What’s Wrong with Outdoor Cats?

The New York Times recently reported on its website that researchers in Georgia developed a project in which mini cameras were attached to house cats in order to track what outdoor felines prefer to do with their time. Those that hunt (slightly less than half) mostly kill reptiles, in case you’re curious, and cats often wind up in dangerous spots. Curiosity and all, we suppose.

The Times called up HSUS for its take, and a spokeswoman pooh-poohed the very idea of outdoor cats:

There are many other reasons to keep cats inside besides harm to wildlife. “Cats are safer, wildlife is safer and communities are safer when cats are indoors,” said Katie Lisnik, the director of cat protection and policy for the Humane Society of the United States.
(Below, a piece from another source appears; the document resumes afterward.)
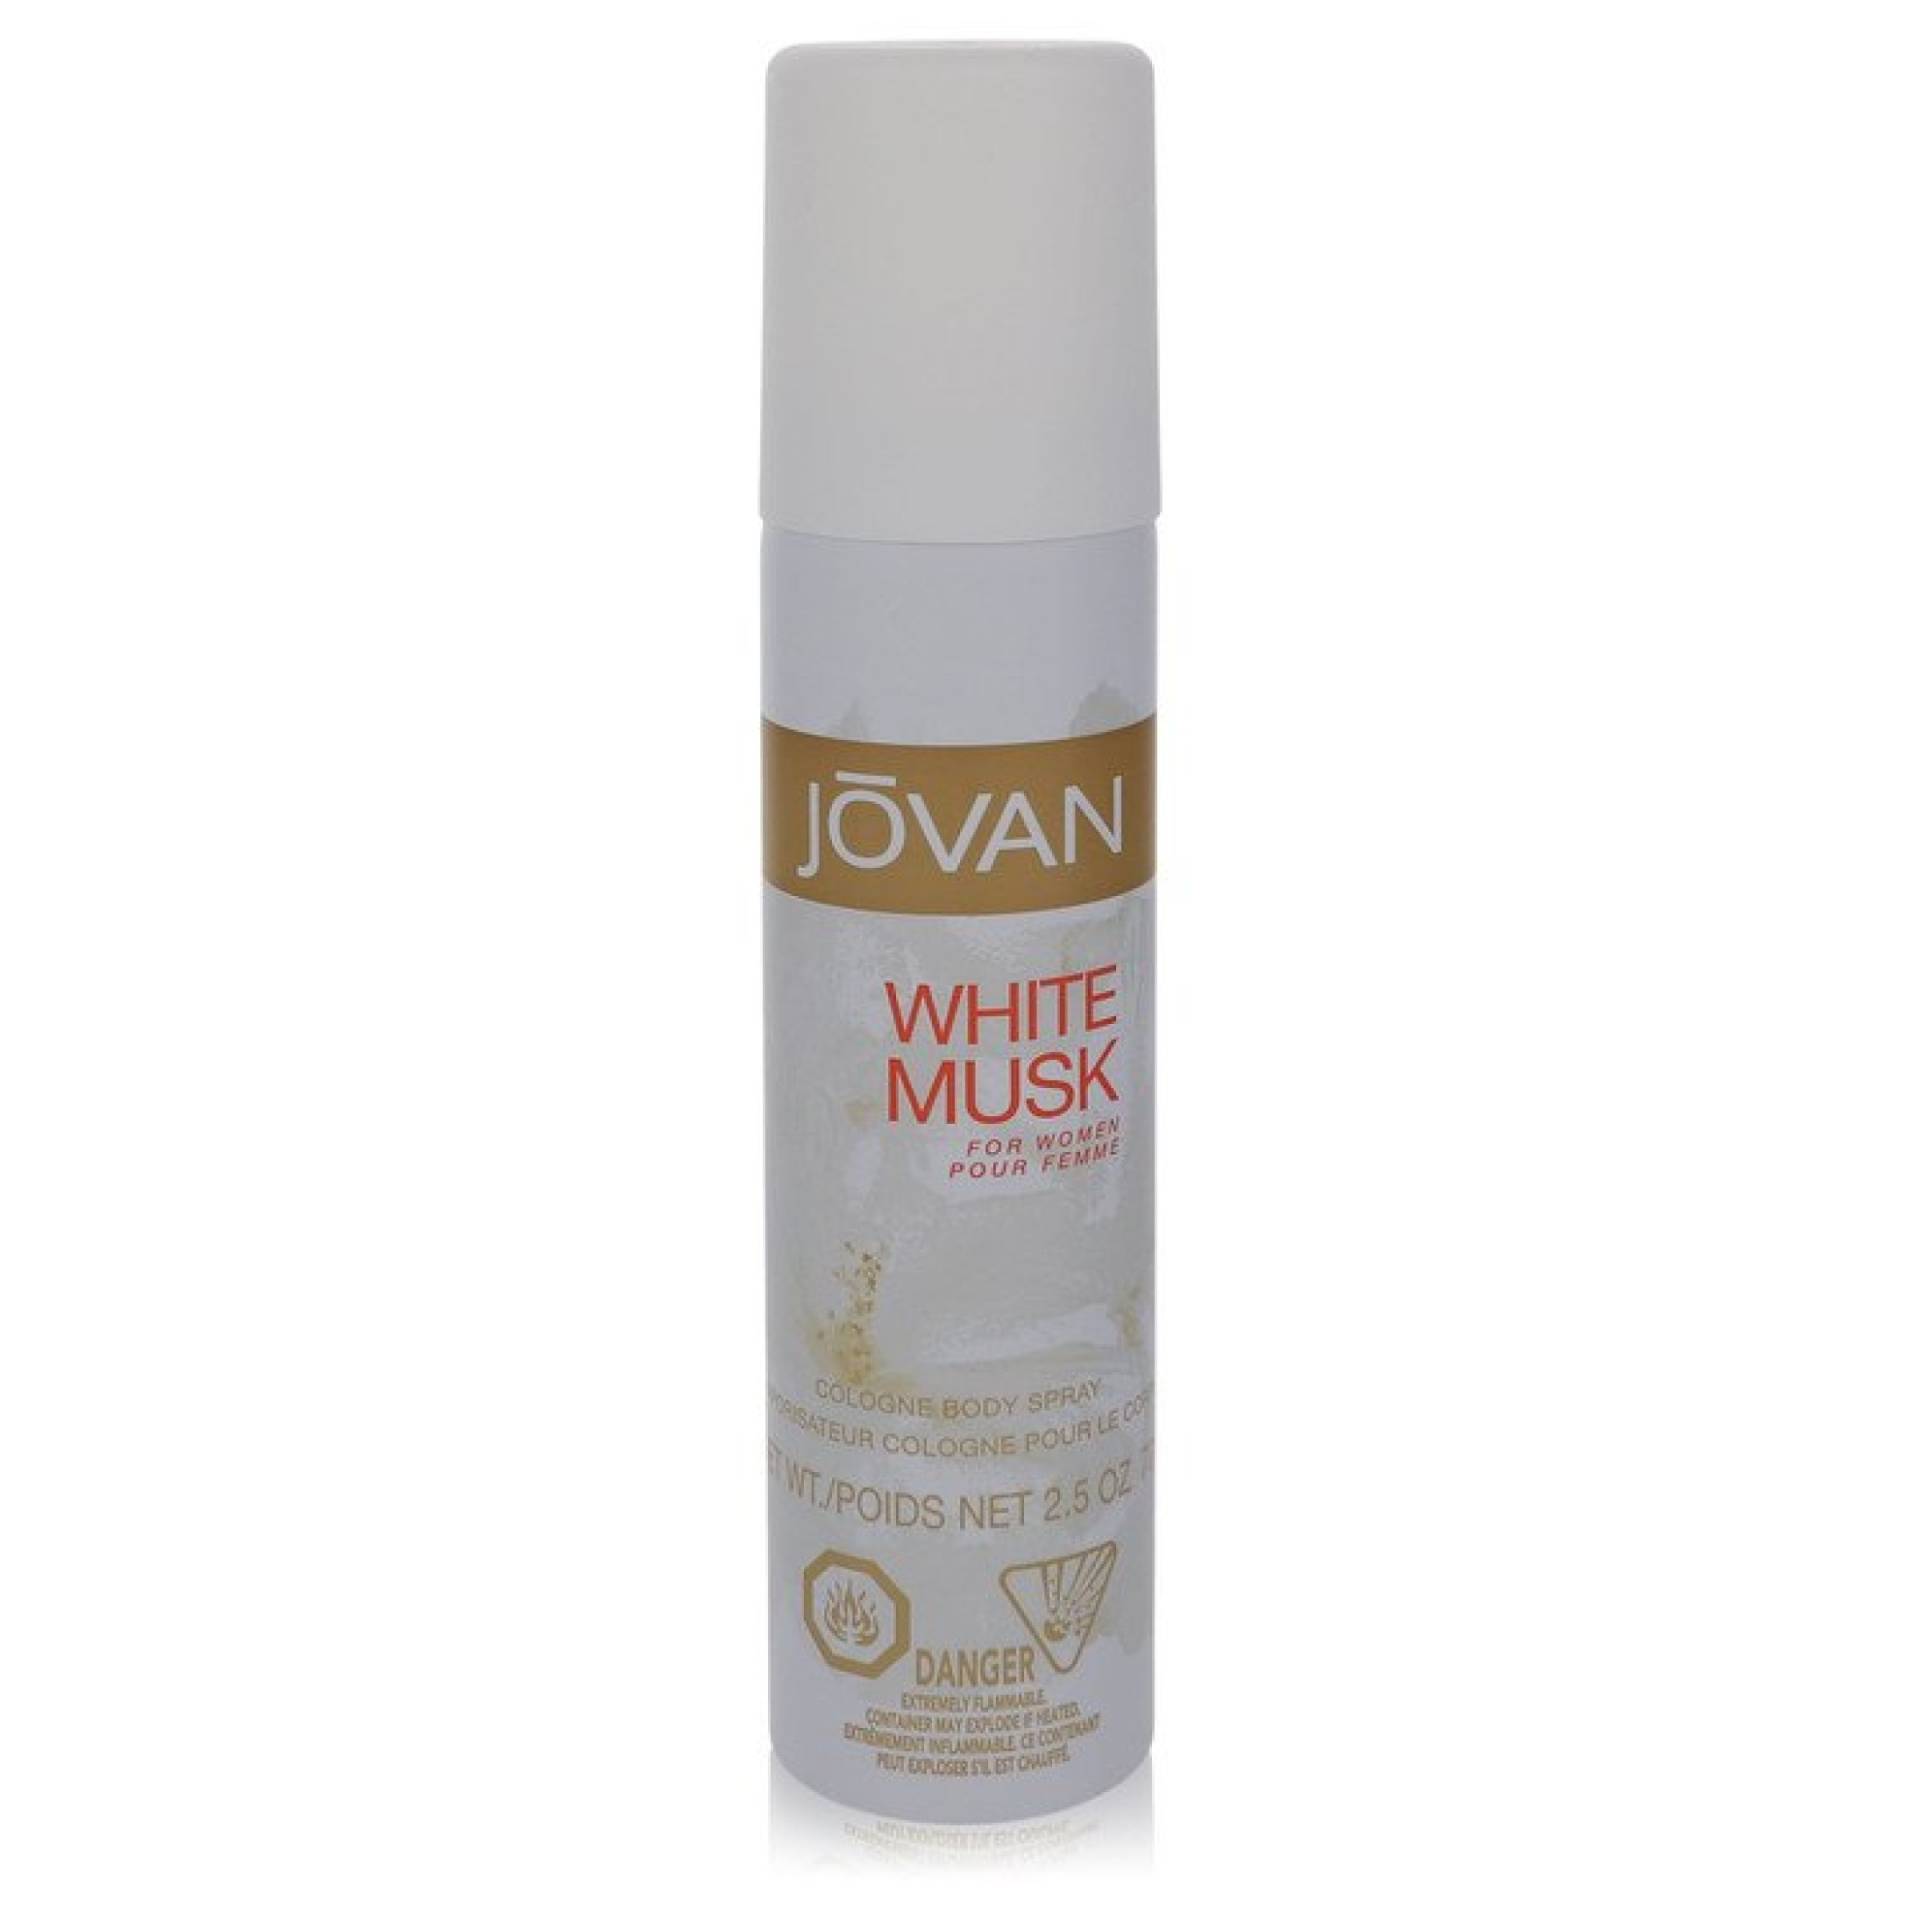 Jovan JOVAN WHITE MUSK Body Spray 75 ml von Jovan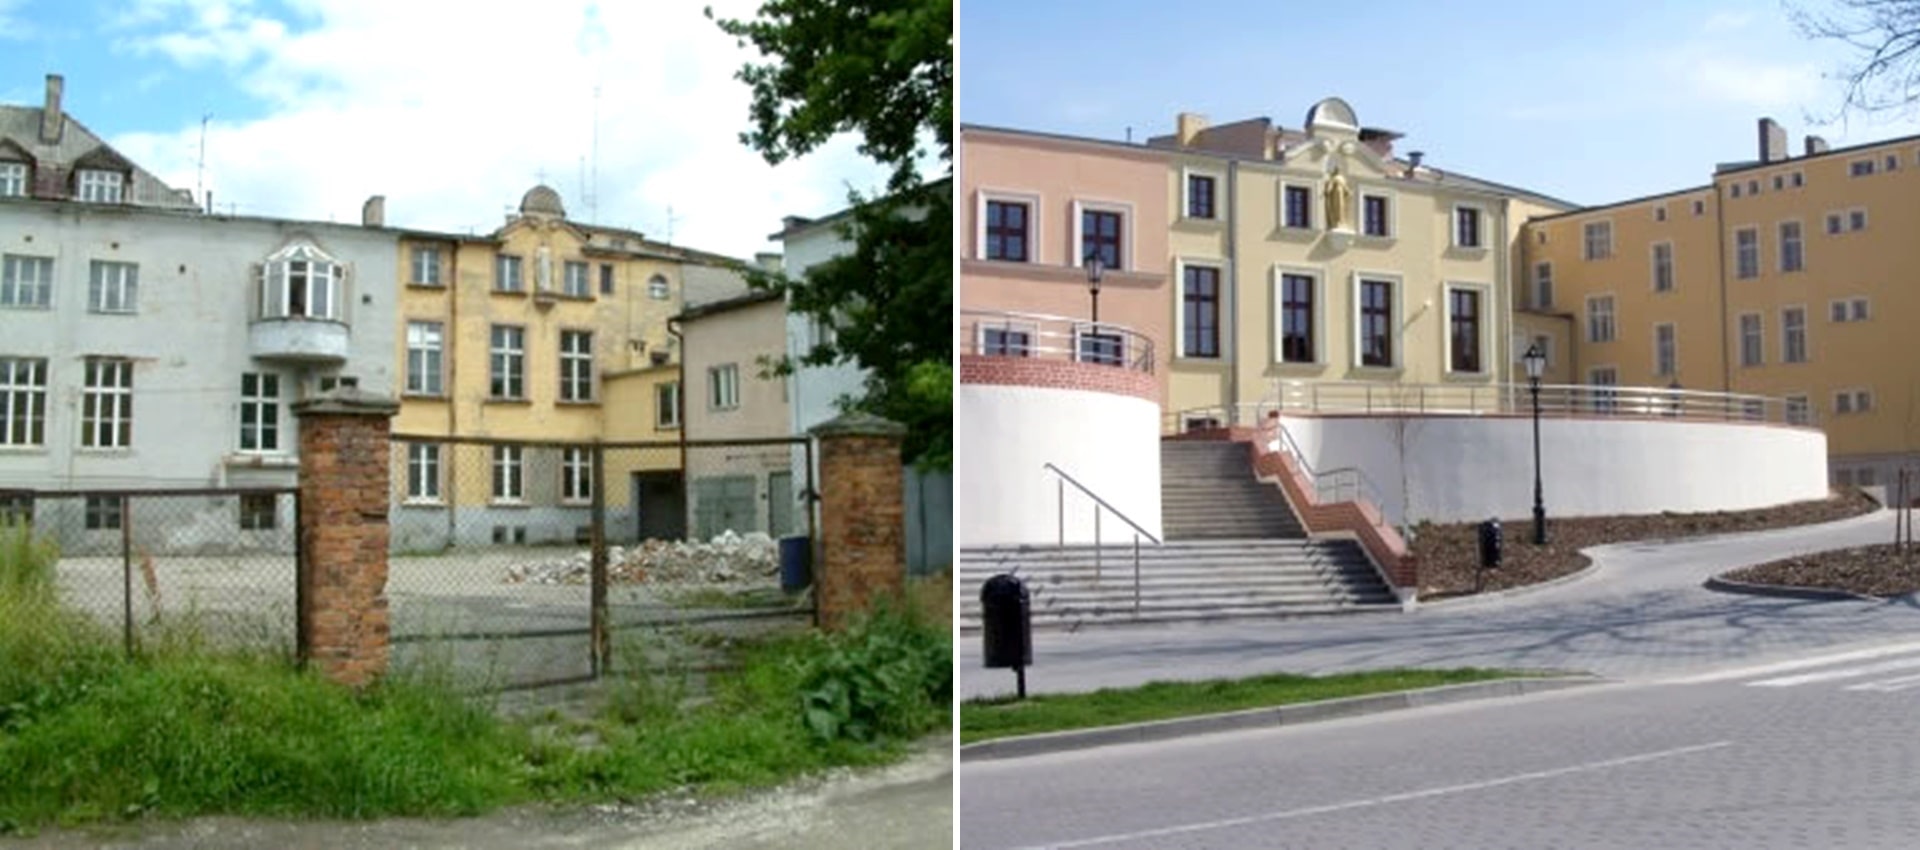 Dwa połączone zdjęcia przedstawiające zdegradowane budynki i budynki odnowione.

She said outdoor cats are in danger of being hit by cars, attacked by other animals or contracting diseases. The most humane way to care for cats, she said, is to keep them inside in a stimulating environment “so that they can express their natural behaviors.”

Here in the D.C. area, there are certainly good reasons to keep cats indoors, heavy traffic being a major one. But here’s the irony in HSUS’s advocacy of keeping cats indoors: When farmers move their animals indoors for some of the same reasons, HSUS is up in arms.

Farmers moved animals indoors and into maternity pens or hen cages in part to protect them from the environment, disease, and other (predatory) animals. And it’s scientifically measureable that, for example, egg-laying hens indoors in cages have lower mortality rates and are more protected from predation than those housed outdoors.

However, HSUS doesn’t want hens in cages or pregnant pigs in maternity pens. It has pushed for cage-free systems, which can be indoors. But even this isn’t enough, with HSUS campaigners saying that cage-free is just a “step in the right direction” and “If anyone says ‘cage-free’ is 100 percent humane, 100 percent cruelty-free, just know that that’s not accurate.”

What’s the next step from cage-free? Free-range, which includes outdoor access. It also means, according to the American Veterinary Medical Association’s review of the science, that the hens are exposed to more disease vectors and face a higher risk of being picked off by a predator.

Gee, whiz—aren’t those some of the same risks faced by outdoor cats?

That’s not to knock one animal-farming system in favor of another. Different systems can work if managed properly. But HSUS’s goal with farm animals isn’t so much to maximize animal welfare as it is to “get rid of the entire industry,” to quote a former vice president. Farmers and veterinarians are the ones who know best about animal welfare and are in the best position to make these decisions—not an animal rights group that doesn’t boast a single veterinarian among its executive staff.